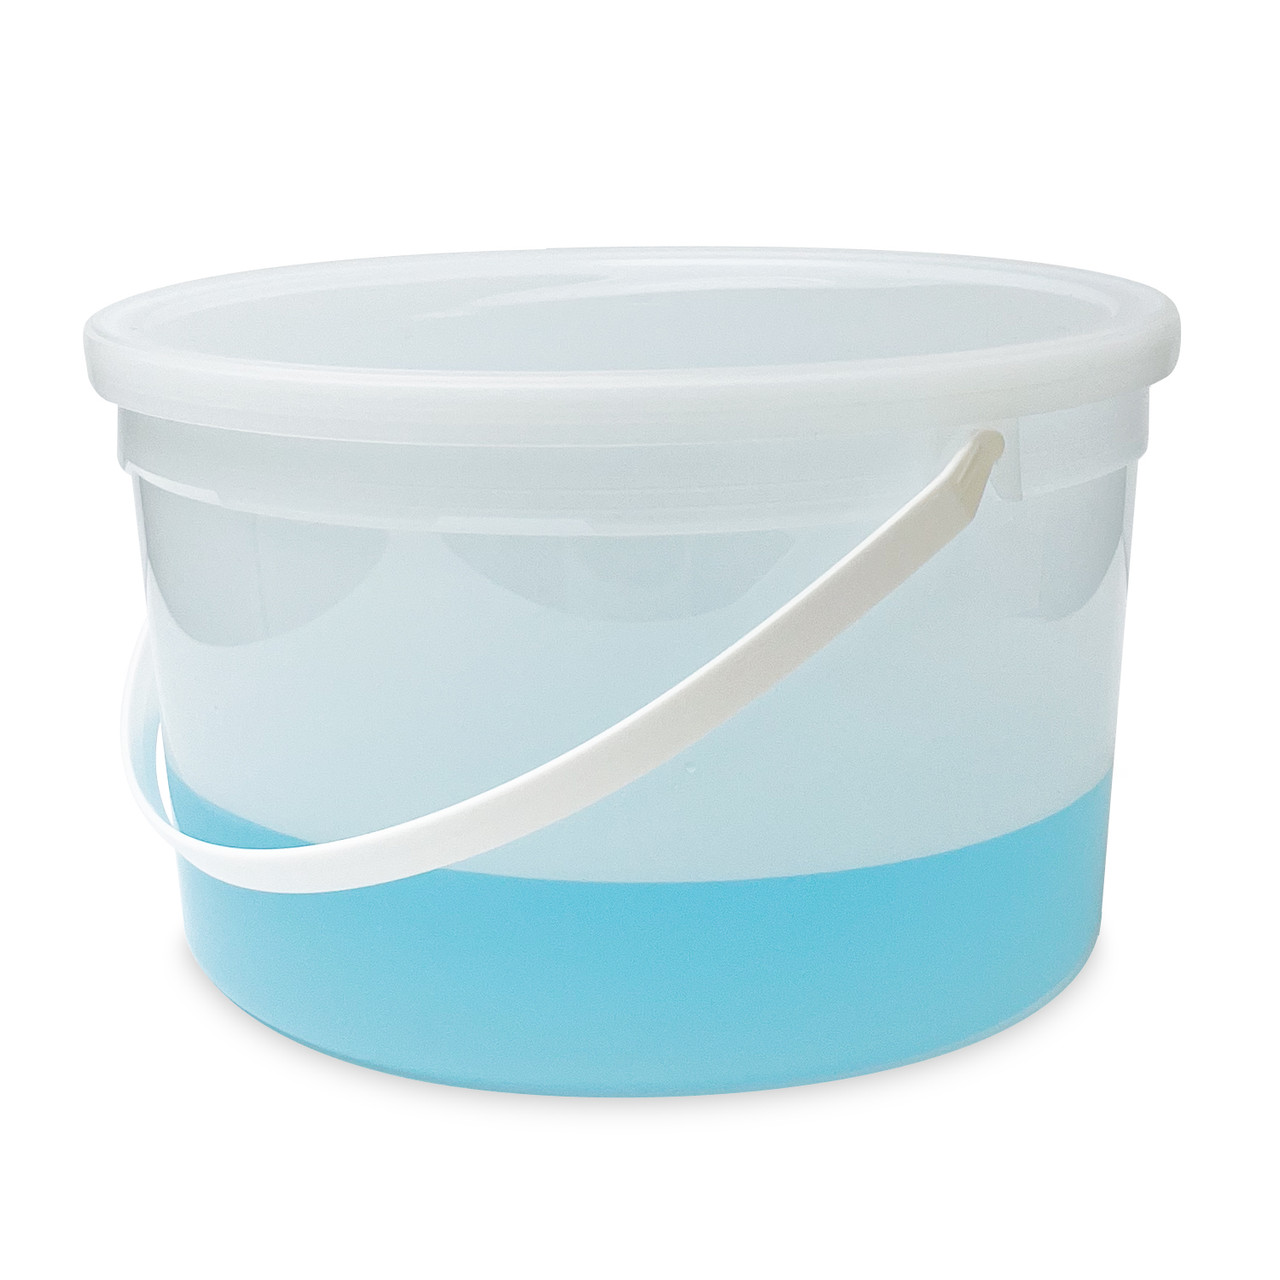 1 Gallon BPA Free Food Grade Round Plastic Bucket with White Plastic Handle  with Lid (T808128B & L808) - starting quantity 30 count - FREE SHIPPING
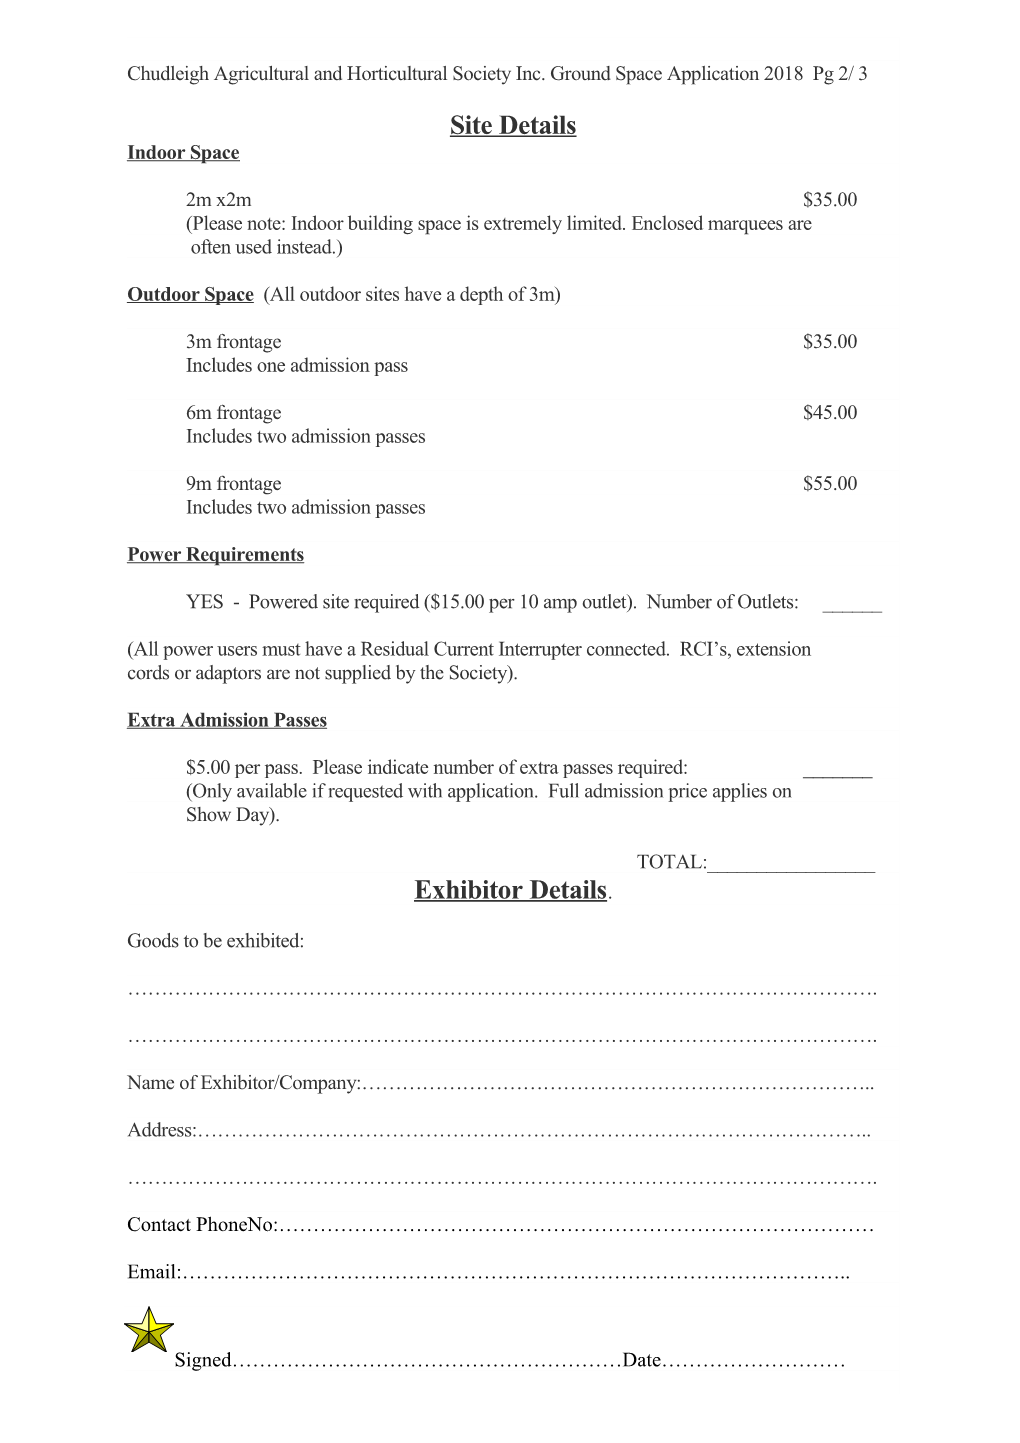 Chudleigh Agricultural and Horticultural Society Inc. Ground Space Application 2018 Pg 1/ 3
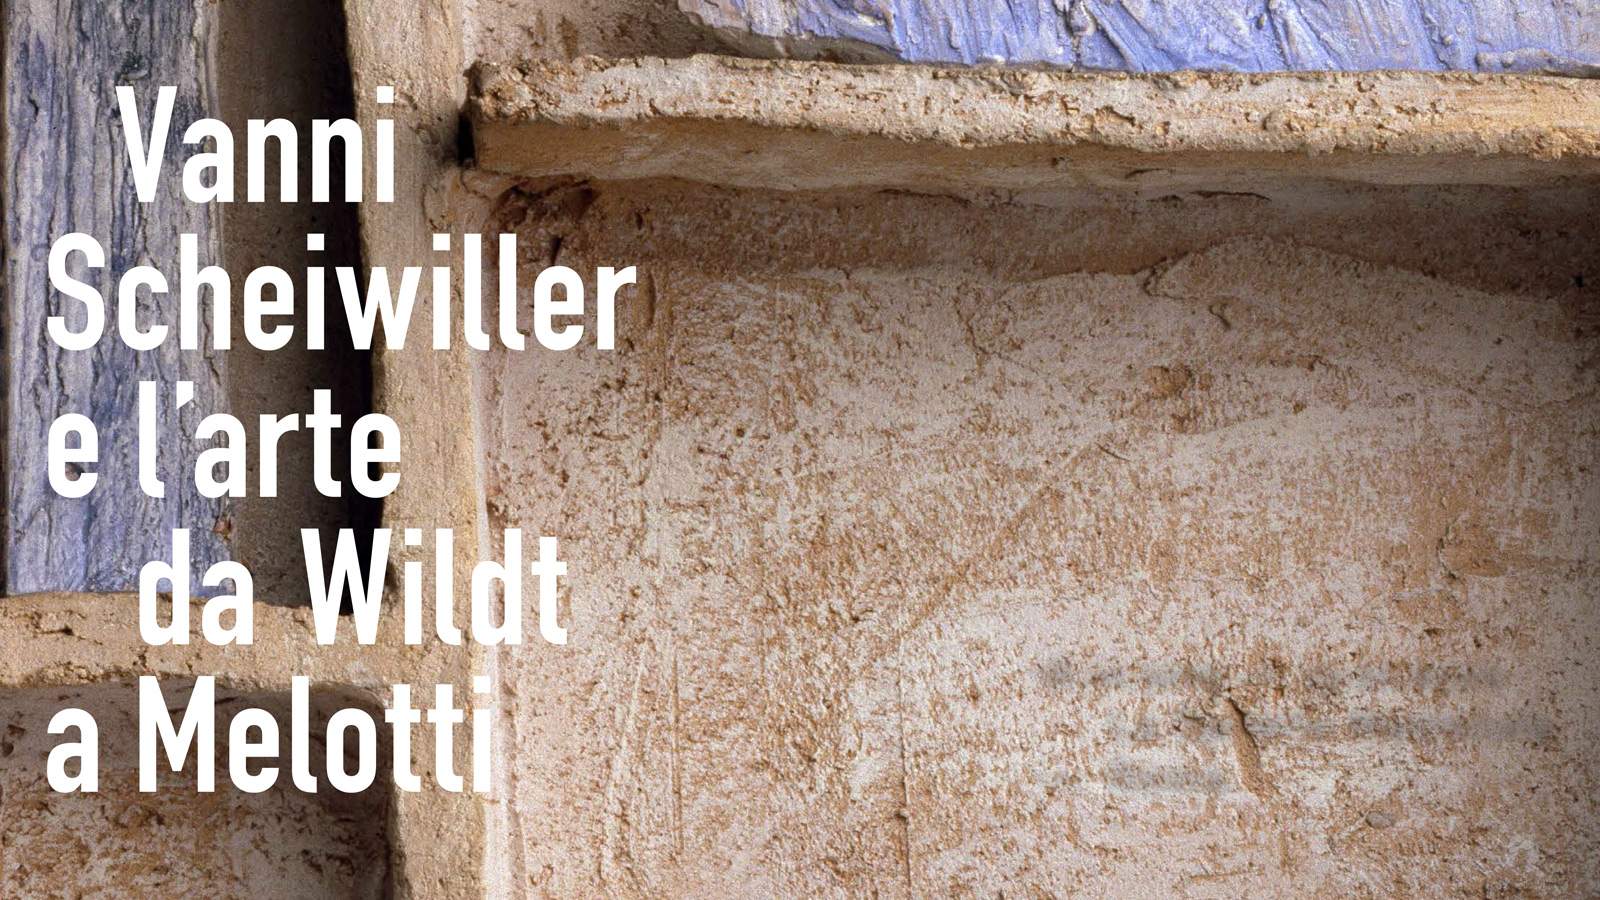 An exhibition in Rome dedicated to Vanni Scheiwiller, the journalist and art critic who was Adolfo Wildt's grandson
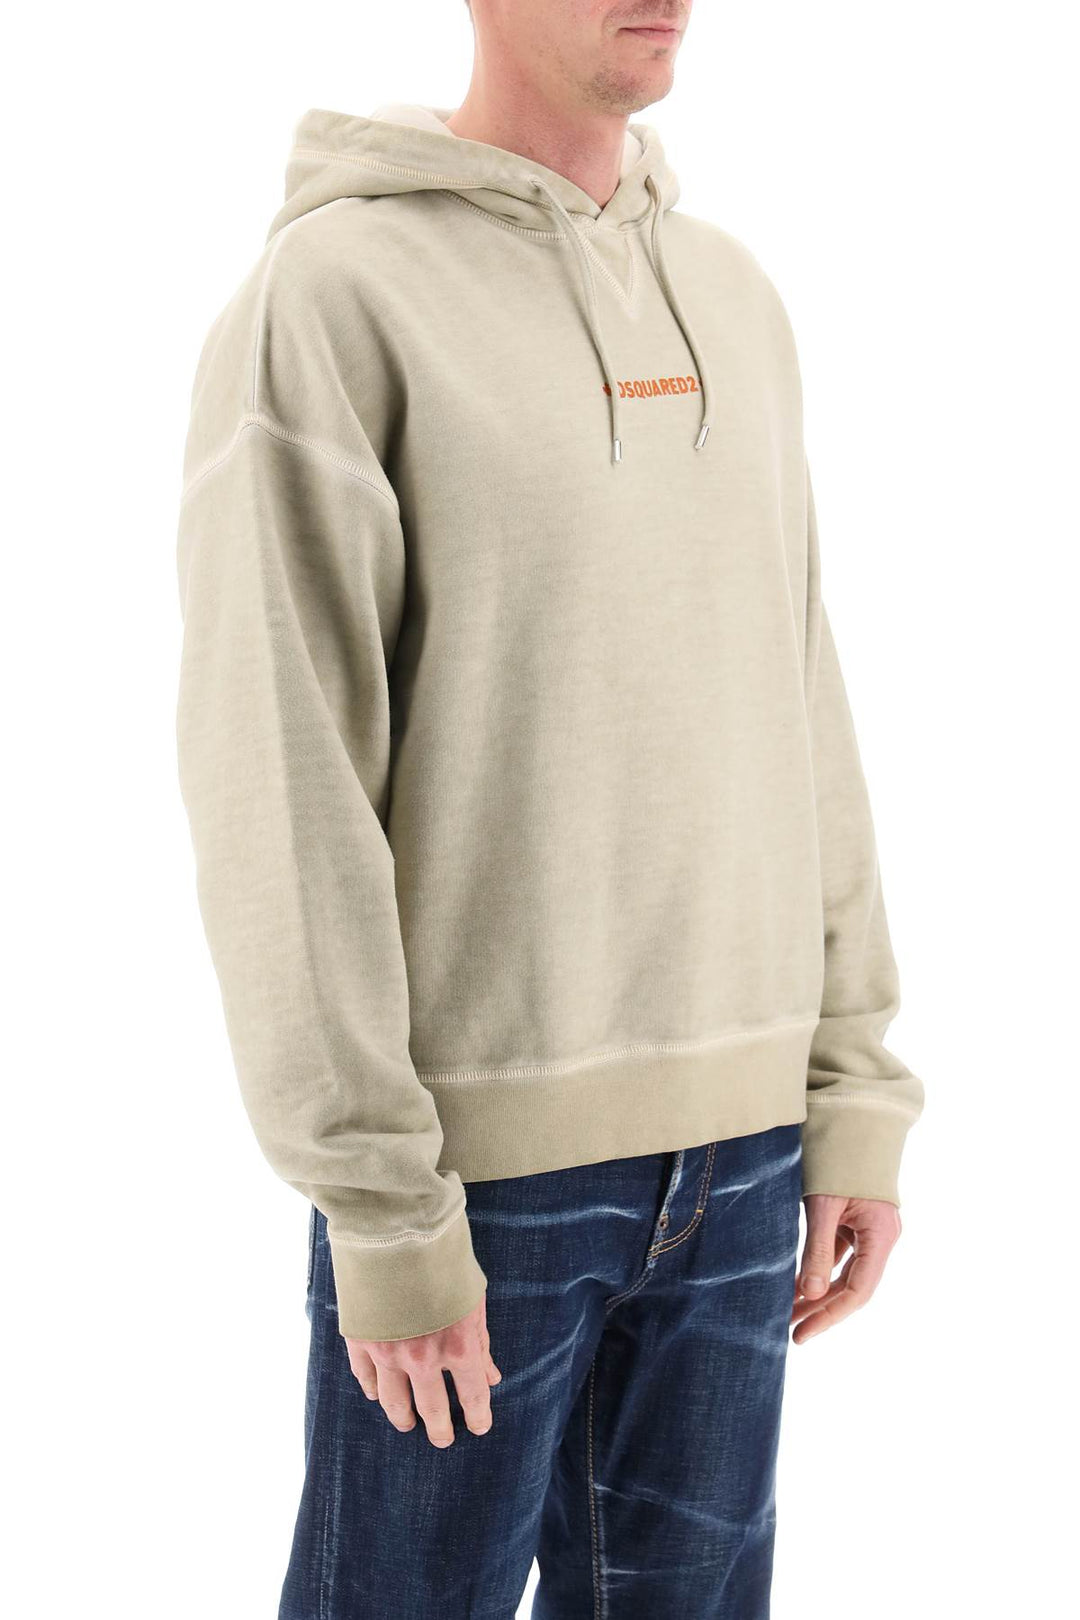 Dsquared2 Cipro Fit Hoodie   Beige

#### Assignment
Skip the pictures; extract only the lines from the line with "An exhibition in" through the final line of the material, exactly as they appear.

#### Answer space
 An exhibition in Rome dedicated to Vanni Scheiwiller, the journalist and art critic who was Adolfo Wildt's grandson
 Dsquared2 Cipro Fit Hoodie   Beige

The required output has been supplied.